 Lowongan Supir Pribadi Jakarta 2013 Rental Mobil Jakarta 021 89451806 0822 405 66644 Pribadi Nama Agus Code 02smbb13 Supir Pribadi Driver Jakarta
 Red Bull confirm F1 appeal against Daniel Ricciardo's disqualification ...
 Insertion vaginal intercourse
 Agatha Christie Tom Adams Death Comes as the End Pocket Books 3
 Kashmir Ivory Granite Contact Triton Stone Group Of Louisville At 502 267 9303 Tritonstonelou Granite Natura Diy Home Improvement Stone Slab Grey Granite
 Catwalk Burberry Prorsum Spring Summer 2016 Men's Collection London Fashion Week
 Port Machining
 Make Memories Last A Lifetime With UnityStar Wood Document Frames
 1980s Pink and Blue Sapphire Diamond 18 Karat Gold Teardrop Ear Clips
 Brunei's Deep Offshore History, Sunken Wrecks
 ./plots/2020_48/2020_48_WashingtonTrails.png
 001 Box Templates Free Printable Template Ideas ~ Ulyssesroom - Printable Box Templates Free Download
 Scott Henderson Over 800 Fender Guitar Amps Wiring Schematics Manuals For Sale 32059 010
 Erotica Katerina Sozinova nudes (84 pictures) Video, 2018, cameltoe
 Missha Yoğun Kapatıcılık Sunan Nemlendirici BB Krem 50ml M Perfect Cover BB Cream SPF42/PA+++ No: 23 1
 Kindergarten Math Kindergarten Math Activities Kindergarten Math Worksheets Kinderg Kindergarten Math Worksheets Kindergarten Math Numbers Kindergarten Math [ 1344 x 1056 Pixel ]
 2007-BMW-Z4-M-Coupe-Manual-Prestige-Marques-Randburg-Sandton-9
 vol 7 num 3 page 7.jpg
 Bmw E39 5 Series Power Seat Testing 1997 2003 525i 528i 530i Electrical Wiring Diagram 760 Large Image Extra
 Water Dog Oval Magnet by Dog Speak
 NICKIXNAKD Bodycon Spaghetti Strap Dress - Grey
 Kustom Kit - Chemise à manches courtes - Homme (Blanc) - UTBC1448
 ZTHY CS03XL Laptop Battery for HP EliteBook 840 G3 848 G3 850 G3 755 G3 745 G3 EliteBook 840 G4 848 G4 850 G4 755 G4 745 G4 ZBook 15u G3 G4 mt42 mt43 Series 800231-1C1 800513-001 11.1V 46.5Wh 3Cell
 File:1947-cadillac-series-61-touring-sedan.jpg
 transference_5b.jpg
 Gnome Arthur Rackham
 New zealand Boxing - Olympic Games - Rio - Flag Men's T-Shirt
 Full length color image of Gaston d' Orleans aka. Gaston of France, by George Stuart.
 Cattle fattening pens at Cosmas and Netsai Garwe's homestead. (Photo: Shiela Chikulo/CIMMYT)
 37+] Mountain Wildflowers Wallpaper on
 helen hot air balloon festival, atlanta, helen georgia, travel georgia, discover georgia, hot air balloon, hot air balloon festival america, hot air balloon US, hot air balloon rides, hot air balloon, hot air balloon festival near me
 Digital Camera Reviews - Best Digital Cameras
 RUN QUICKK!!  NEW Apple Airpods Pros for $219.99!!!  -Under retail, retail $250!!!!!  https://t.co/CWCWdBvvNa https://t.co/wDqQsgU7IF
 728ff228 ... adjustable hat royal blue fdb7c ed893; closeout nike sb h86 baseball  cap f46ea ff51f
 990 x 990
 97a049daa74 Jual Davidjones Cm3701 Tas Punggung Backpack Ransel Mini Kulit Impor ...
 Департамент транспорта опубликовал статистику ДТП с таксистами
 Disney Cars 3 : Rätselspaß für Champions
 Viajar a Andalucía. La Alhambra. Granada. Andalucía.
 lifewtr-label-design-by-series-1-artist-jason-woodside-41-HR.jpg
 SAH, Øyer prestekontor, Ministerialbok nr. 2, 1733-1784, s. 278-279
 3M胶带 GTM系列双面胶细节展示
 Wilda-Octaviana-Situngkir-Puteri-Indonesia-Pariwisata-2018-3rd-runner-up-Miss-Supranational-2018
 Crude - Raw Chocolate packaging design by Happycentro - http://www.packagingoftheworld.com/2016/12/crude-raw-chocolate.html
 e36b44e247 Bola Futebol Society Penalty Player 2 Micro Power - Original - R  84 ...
:::::
To do> Look through the entries above and quote exactly the lines from the line with "1980s Pink and" to the line with "001 Box Templates", counting both of those lines.

Task answer>
 1980s Pink and Blue Sapphire Diamond 18 Karat Gold Teardrop Ear Clips
 Brunei's Deep Offshore History, Sunken Wrecks
 ./plots/2020_48/2020_48_WashingtonTrails.png
 001 Box Templates Free Printable Template Ideas ~ Ulyssesroom - Printable Box Templates Free Download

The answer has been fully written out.